I dunno, that may loose some readers. in any case, the distinction between
roles and distinct entities should probably be mentioned/discussed e.g. in the
Introduction or thereabouts.
<snip>
>>> 3.1. Log Entries
>>>
>>>
>>> Anyone can submit a certificate to any log. In order to enable
>>> attribution of each logged certificate to its issuer, the log SHALL
>>> publish a list of acceptable root certificates (this list might
>>> usefully be the union of root certificates trusted by major browser
>>> vendors). Each submitted certificate MUST be accompanied by all
>>> additional certificates required to verify the certificate chain up
>>> to an accepted root certificate. The root certificate itself MAY be
>>> omitted from this list.
>>>
>>> Alternatively, (root as well as intermediate) Certificate Authorities
>>
>>
>> Additionally? which manner is the experiment going to operate, or is it TBD
>> ?
>
> Not sure what you mean? The log will accept either type of submission.

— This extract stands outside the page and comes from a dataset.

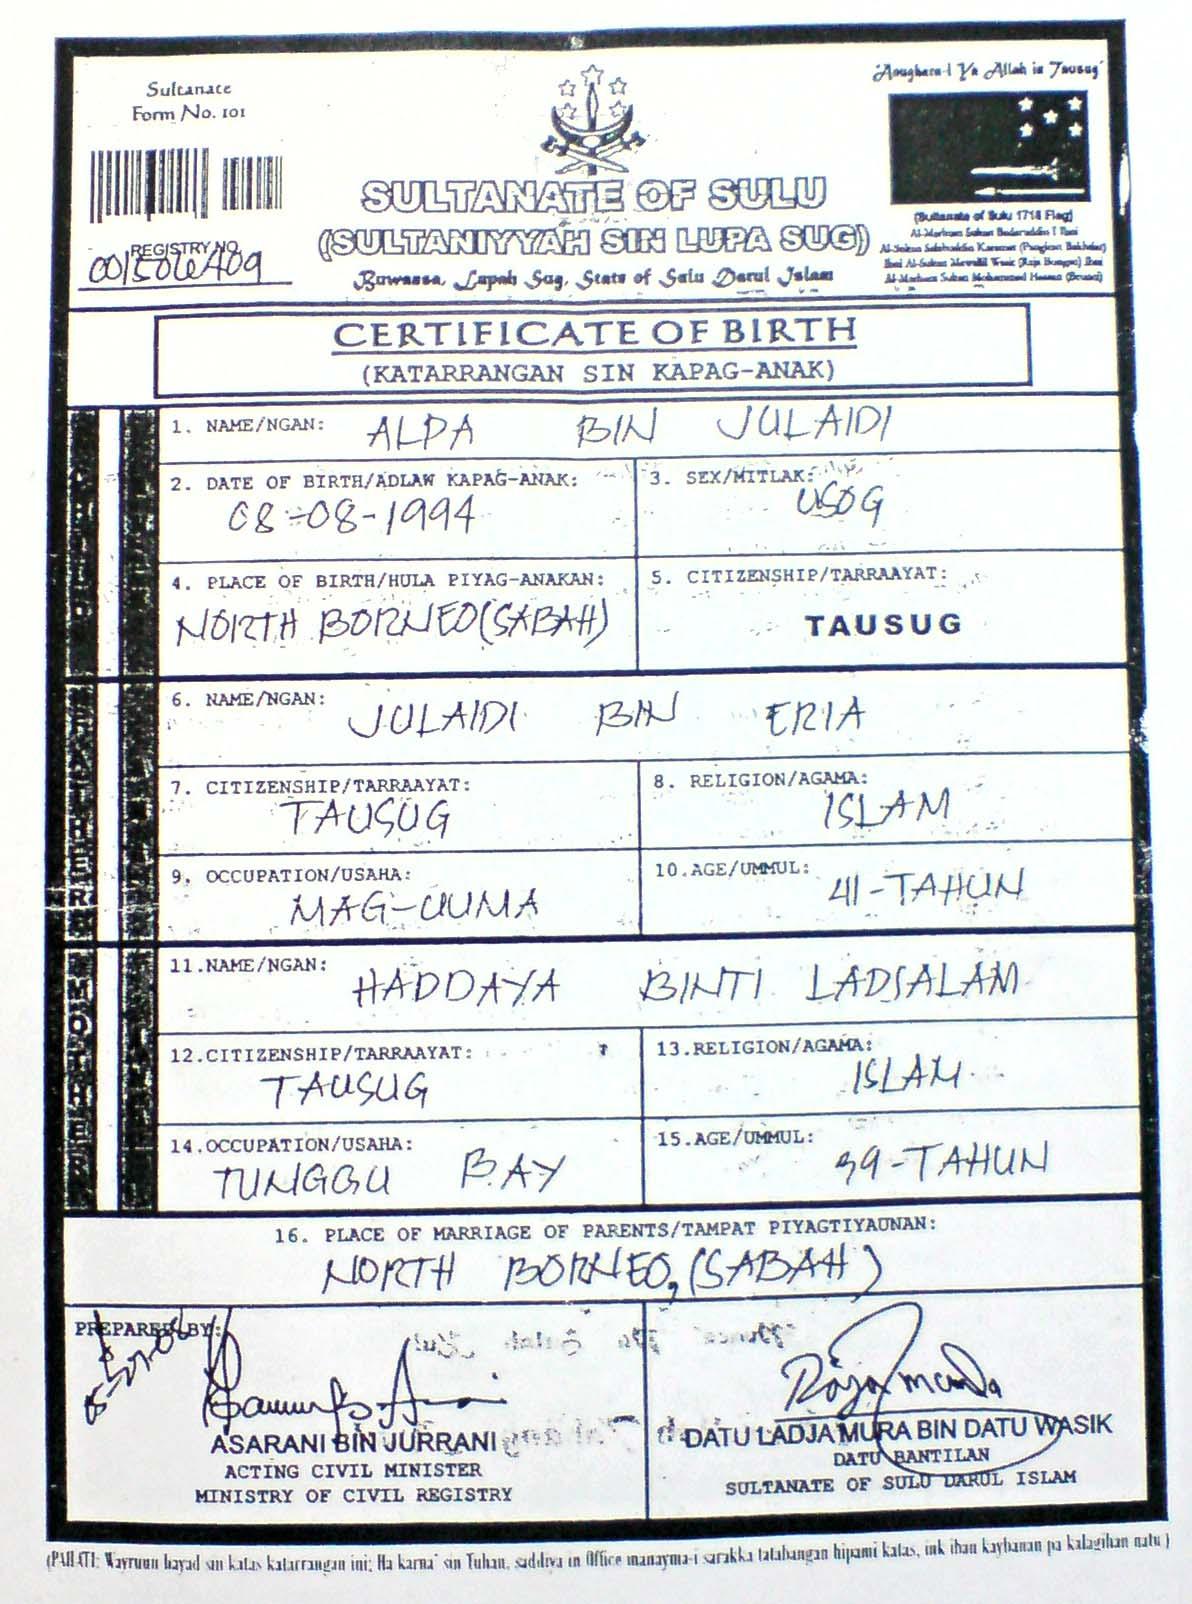 Sultanate of sulu north borneosabah issuing birth certificates sultante sulu certificate of birth aiddatafo Gallery

oh, sorry, I meant s/Alternatively/Additionally/
>>> may submit a certificate to logs prior to issuance. To do so, a
>>> Certificate Authority constructs a Precertificate by adding a special
>>> critical poison extension (OID 1.3.6.1.4.1.11129.2.4.3, whose
>>> extnValue OCTET STRING contains ASN.1 NULL data (0x05 0x00)) to the
>>> leaf TBSCertificate (this extension is to ensure that the
>>
>>
>> leaf == end entity ?
>>
>> s/leaf certificate/end entity certificate/g ?
>
> Yes.
>
>>> Precertificate cannot be validated by a standard X.509v3 client), and
>>> signing the resulting TBSCertificate [RFC5280] with either
>>
>>
>>
>>> o a special-purpose (Extended Key Usage: Certificate Transparency,
>>> OID 1.3.6.1.4.1.11129.2.4.4) Precertificate Signing Certificate.

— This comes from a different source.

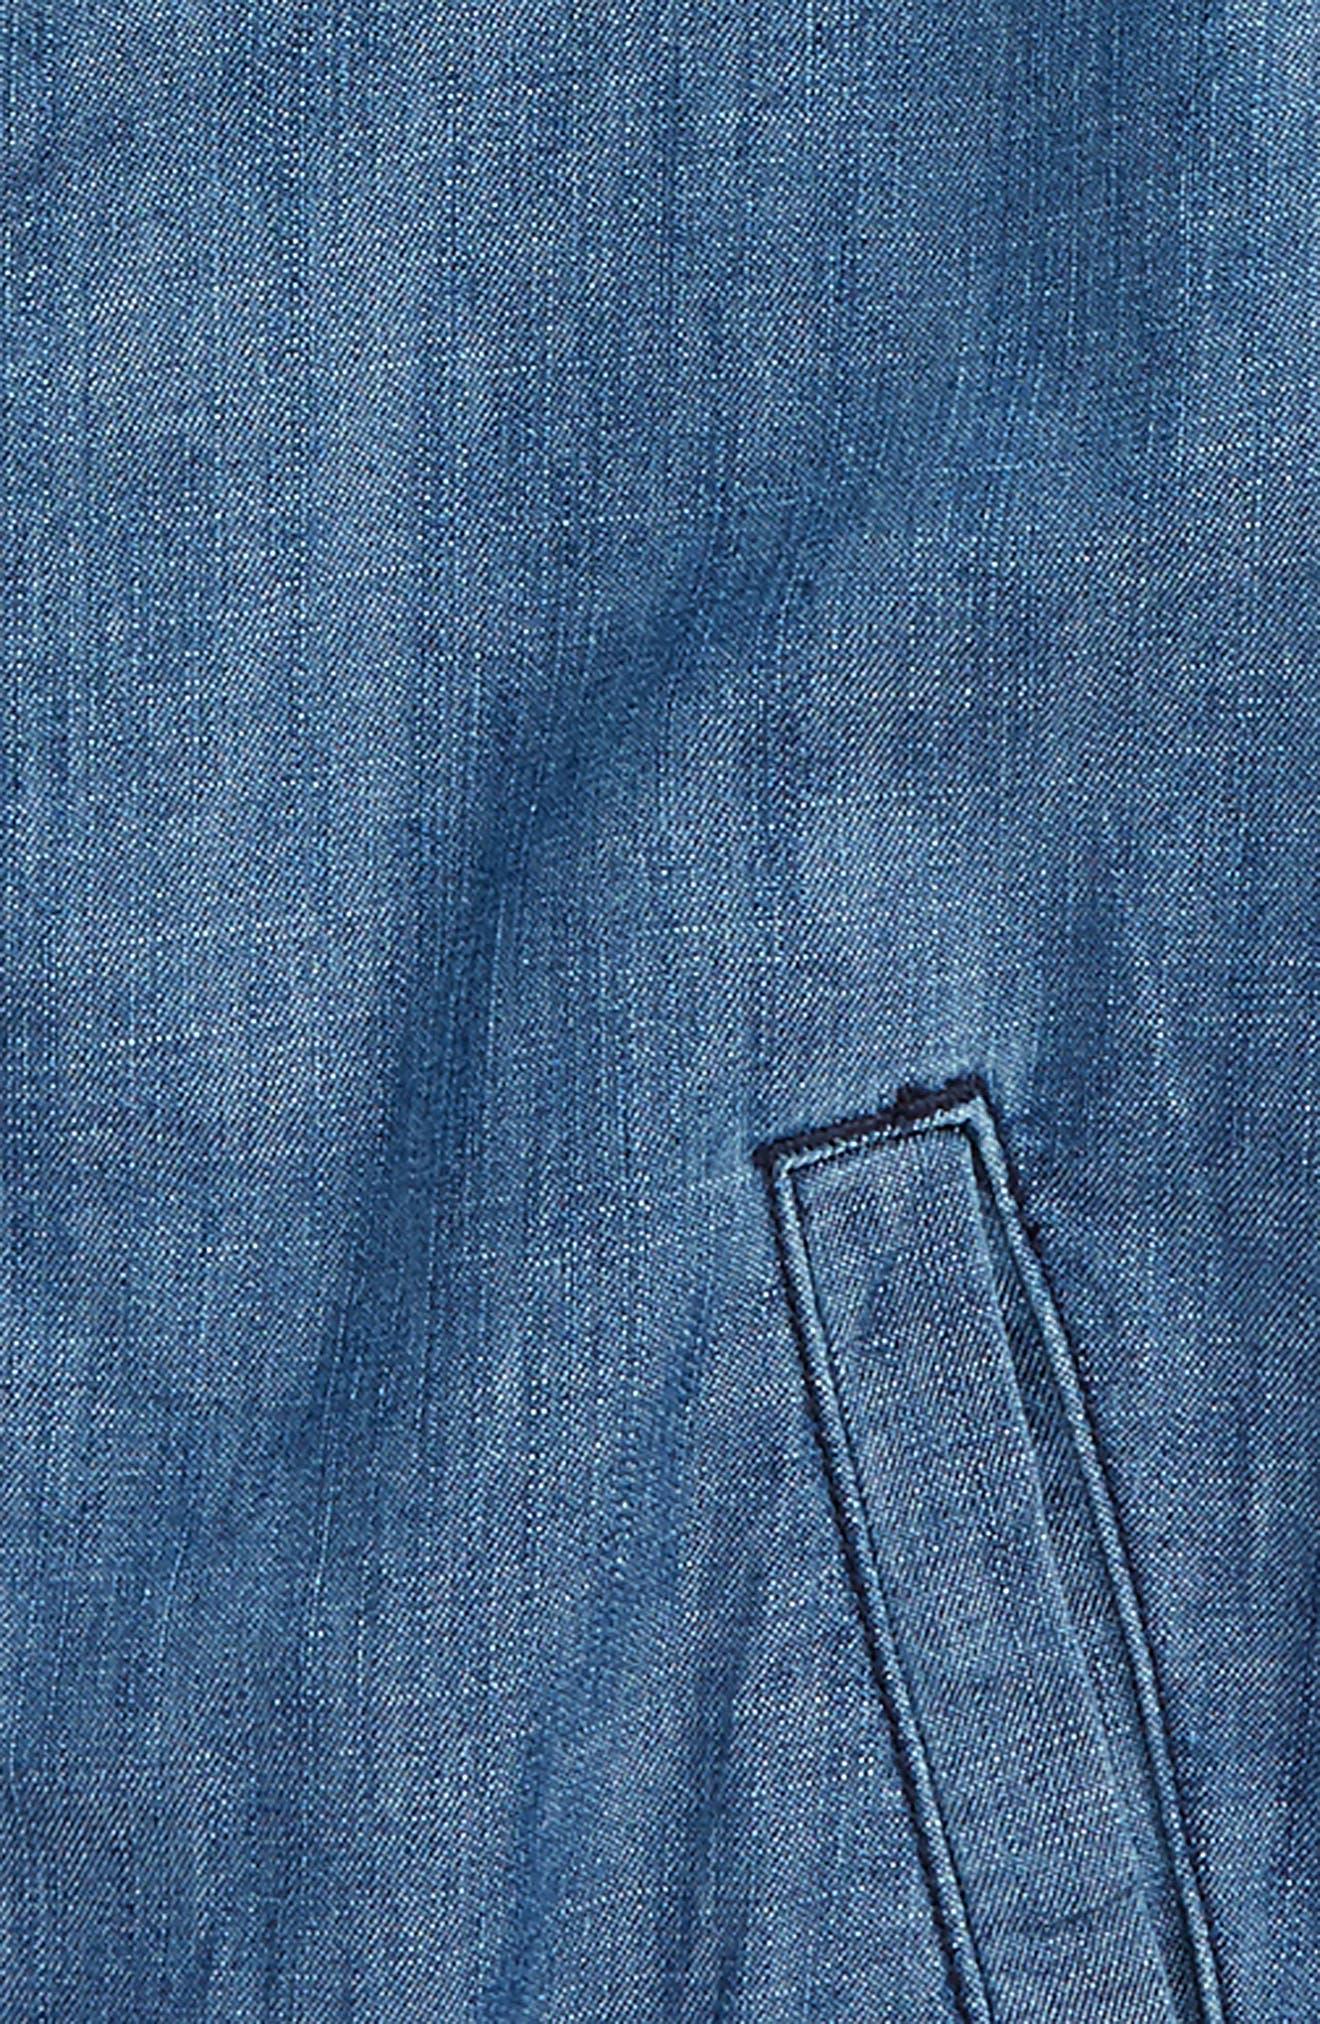 Denim Bomber Jacket,                             Alternate thumbnail 2, color,                             Dusk Blue Wash

>>> The Precertificate Signing Certificate MUST be certified by the CA
>>> certificate that will ultimately sign the leaf TBSCertificate
>>
>>
>> "sign the leaf TBSCertificate" means to say "sign the actual
>> issued-to-the-customer TBSCertificate component of the End Entity
>> certificate" ?
>
> Well, it means something like that, I have added some words.
ok
>>> (note that the log may relax standard validation rules to allow
>>> this, so long as the final signed certificate will be valid),
>>>
>>> o or, the CA certificate that will sign the final certificate.
>>
>>
>> "final certificate" is the "issued-to-the-customer End Entity certificate" ?
>
> I have changed this to "issued certificate".
ok, tho should it be "issued end entity certificate" ?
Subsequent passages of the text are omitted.